Accordingly, we propose to use pattern language for MergeComposite. It’s simple, robust, and more general. For example, I’ve written a POC of MergeComposite in pattern language. As can be seen, we only need less than 100 lines to achieve the same functionality.

gist.github.com

https://gist.github.com/comaniac/1f399dfdfee05a2f7a087c65c21f550c

pattern_lang_composite_pass.py

import tvm
from tvm import relay
from tvm.relay.dataflow_pattern import *

class ExtractArgs(tvm.relay.ExprMutator):
    # Mutate the graph to replace the matched graph input with new vars.
    def __init__(self, mapped_vars):
        super(ExtractArgs, self).__init__()
        self.mapped_vars = set(mapped_vars)
        self.vars = []

This file has been truncated. show original

The above POC includes two solutions.

Pattern.Partition

Thiis is a builtin functionality of pattern language that partitions the matched subgraph to a separate function. However, this builtin function doesn’t allow users to specify function attributes, so we cannot add Composite = inst.

PatternCallback

Another solution uses callback functions to manually create composite functions. The problem with this solution is that we need an extra visit to mutate the Relay graph in order to create the function.

Discussion

While we prefer the first solution that uses pattern.partition(), we need to figure out how to add the composite attribute.

S.1: Enhance Partition

A straightforward approach is enhancing pattern.partition to accept more configurations.

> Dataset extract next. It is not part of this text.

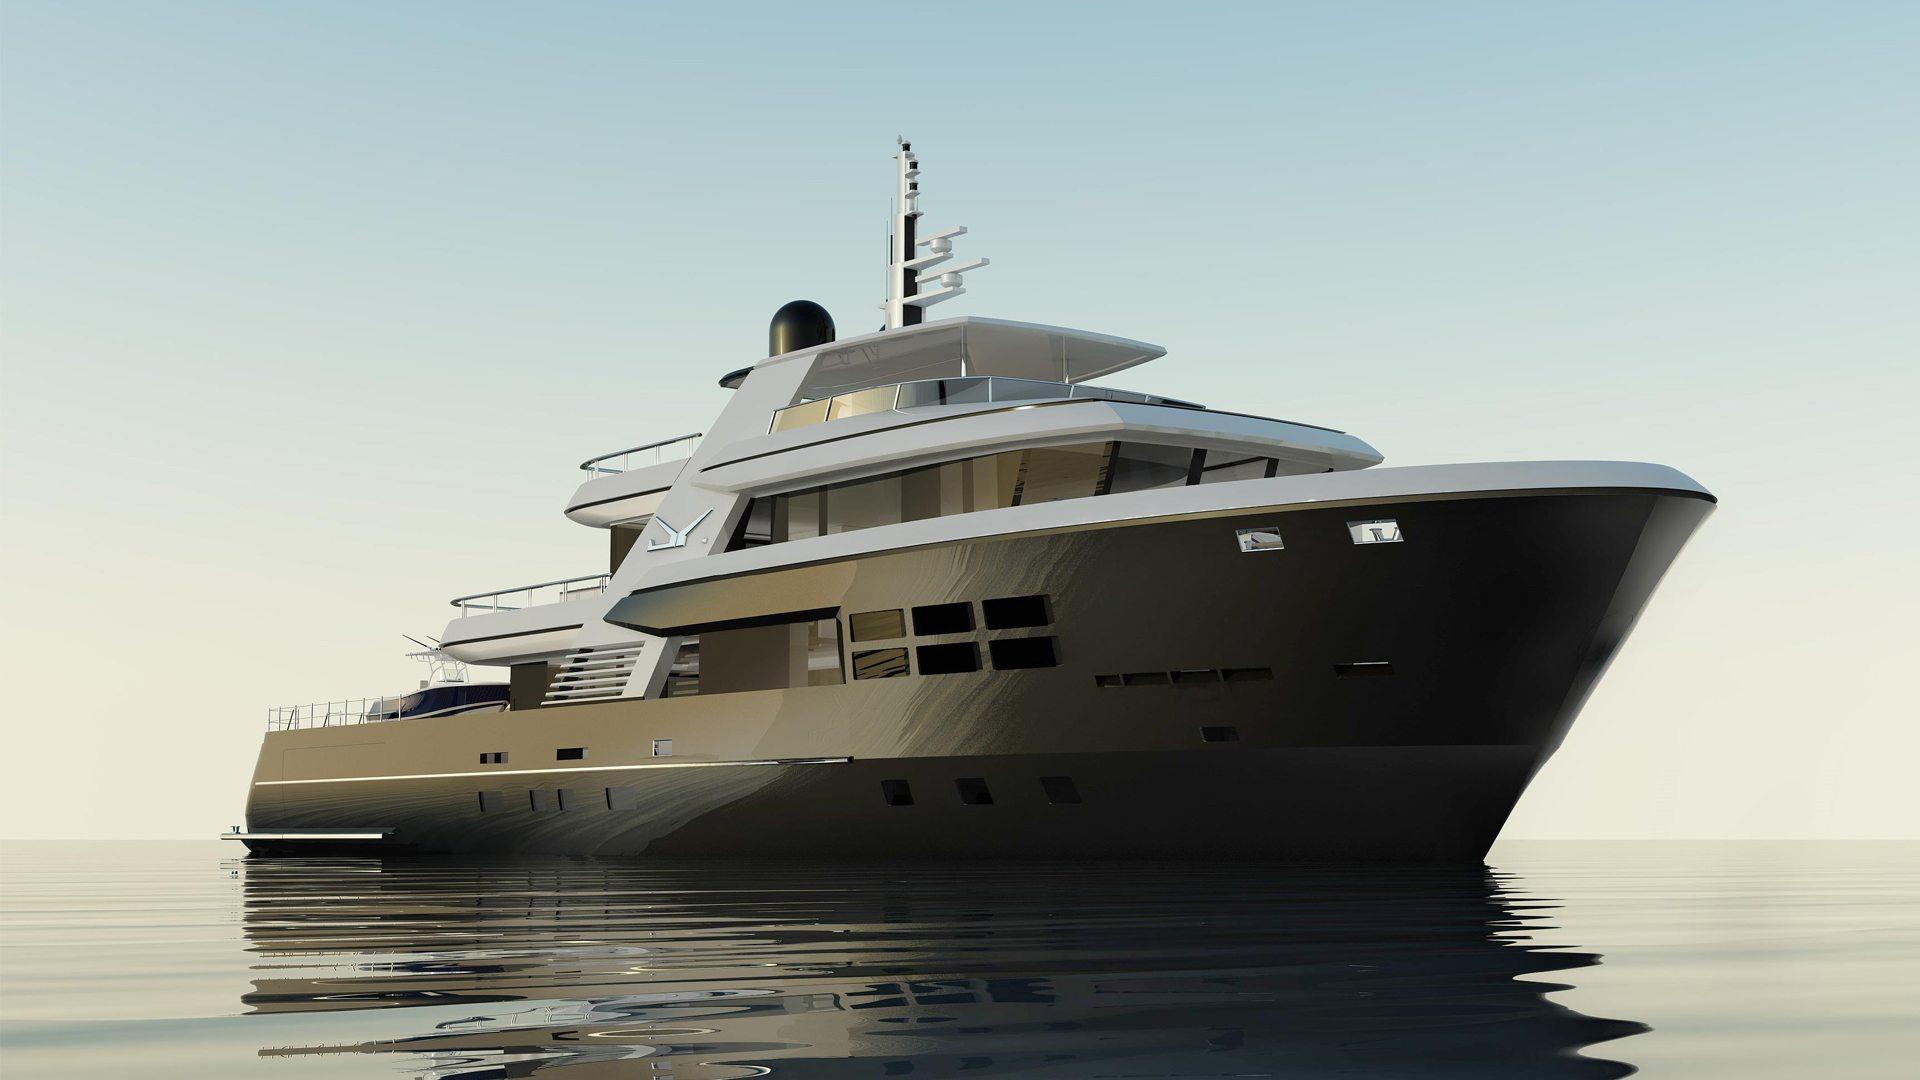 Bandido 148 - Bandido Yachts by Drettmann - Drettmann Yachts

for pattern, inst in patterns:
  out = pattern.partition(out, {'Composite': inst})

S.2: Post-Processing

If we do not want to change the partition, we could use a set know the new generated functions after each partition, and add the attribute to them:

for pattern, inst in patterns:
  curr_funcs = get_func_as_set(out)
  out = pattern.partition(out)
  for func in out.functions:
     if func not in curr_funcs:
         func.with_attr('Composite', inst)

Any other thoughts and comments are welcome.

cc @mbrookhart @zhiics @masahi @mbaret

mbrookhart · May 19, 2020, 5:54pm

I’d be happy to extend the parition pass to accept an optional map of attributes. I think it’s a relatively small change to the pass, if you guys think that would be the easiest option.

Something I thought of over the last few days: If some patterns in your list are larger (say conv-bias-relu), and later patterns in the list are subgraphs of previous patterns (say conv-bias), you may end up with a case where you have a composite function called from inside another composite function, which is probably not the goal.

It might be a good idea to introduce a default “Partitioned” attribute and not re-partition inside the “Partitioned” functions in later passes.

CC @jroesch @tqchen

comaniac · May 19, 2020, 6:05pm

Thanks for pointing out. I missed this part in the original post. Currently MergeComposite pass doesn’t deal with the overlapping issue but let users decide the pattern priority. It means that when performing pattern matching, it should ignore existing composite functions. Is this functionality can also be achieved using pattern.partition()?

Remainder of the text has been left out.